There is a thread somewhere either on here or somewhere else where Brittany Ferries cancelled memberships of those who advertised the discount code.


----------



## wug (May 19, 2011)

That's right. I was warned about this and advised another member on here who removed the code. It's in the T's&C's on the BF website. Best done by PM.


----------



## alshymer (Nov 4, 2007)

*Discount Codes*

Hi 
I would have thought that Brittany Ferries would rather give 10% of a crossing than lose the booking to companies offering cheaper routes.
It must be of benefit to them as well.
Regards
Alshymer


----------



## alshymer (Nov 4, 2007)

*Discount Code*

Hi again
Having only just joined this morning, I was not aware of the Terms and Conditions regarding the Travel Club, so won't post my code again.
Apparently it is too late to delete it now.
Sorry Brittany Ferries!!!
Regards
Alshymer


----------



## MHFAdmin (Jun 21, 2007)

we have edited out the code details from Alshymer's original post


----------



## alshymer (Nov 4, 2007)

*discount vouchers*

Thanks Admin
Best wishes
Alshymer


----------



## Mike48 (May 1, 2005)

Blimey!!! Admin on the ball. Well done to them.

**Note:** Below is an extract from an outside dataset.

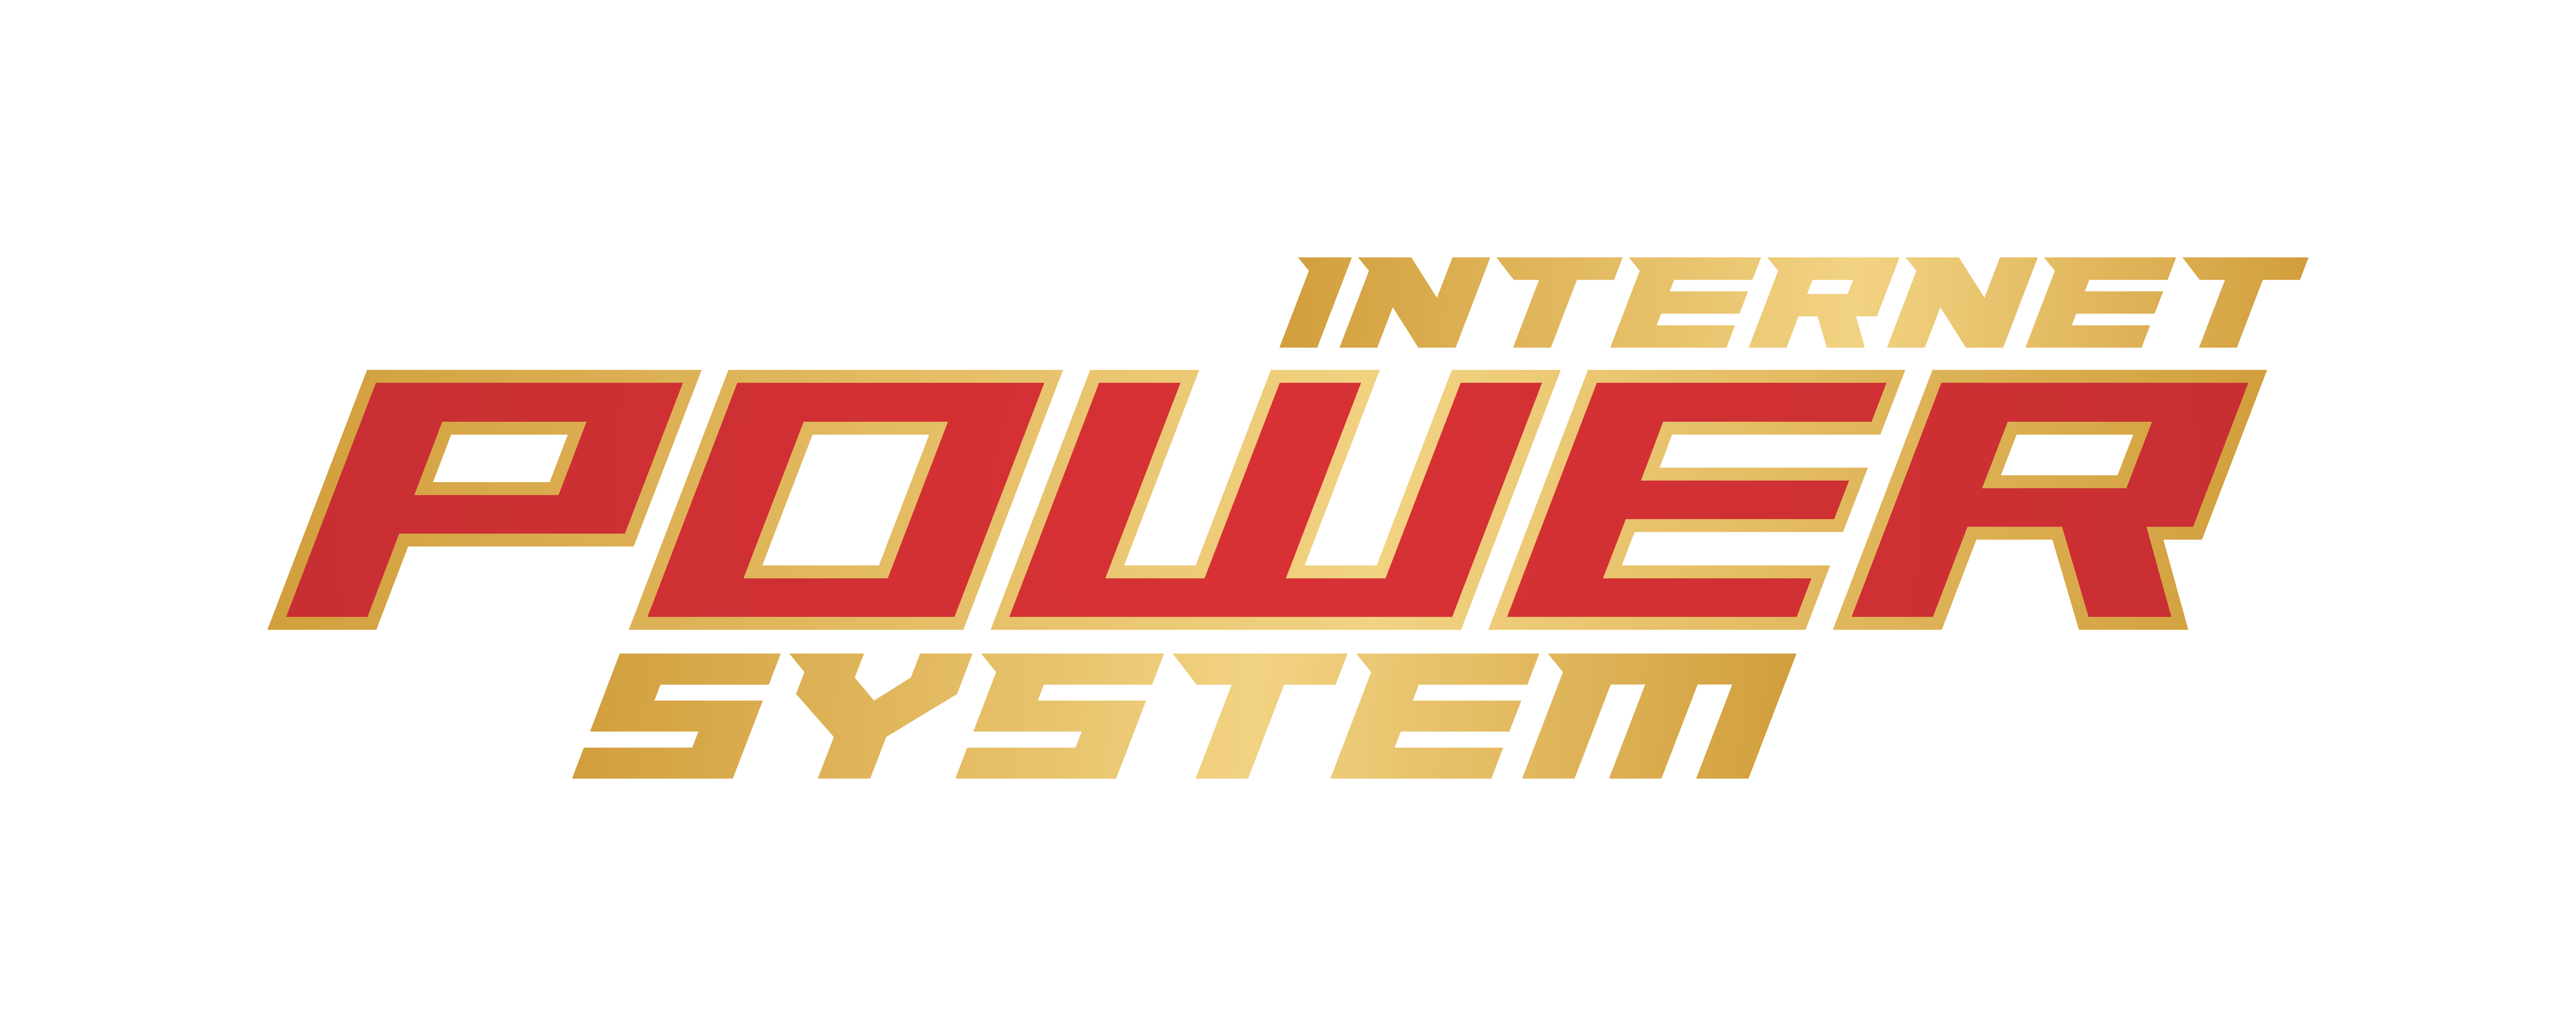 Khóa học Internet Power System

Is this a new development?


----------



## Zebedee (Oct 3, 2007)

Ships that pass in the night Mike . . . . well, it's night there (probably!).


----------



## Penquin (Oct 15, 2007)

I had previously gone down that route and MHFAdmin were very quick at removing my code after the T&C's were pointed out to me (like most people I had never really read them.....),

MHFAdmin DO respond rapidly - that is the third incidence that I am aware of where they have reacted so positively so I must add my thanks to those already mentioned, they also converted the Baltic Wharf petition thread to announcement status so that it stays on view.....


So thanks from me for their prompt, positive actions,

Dave


----------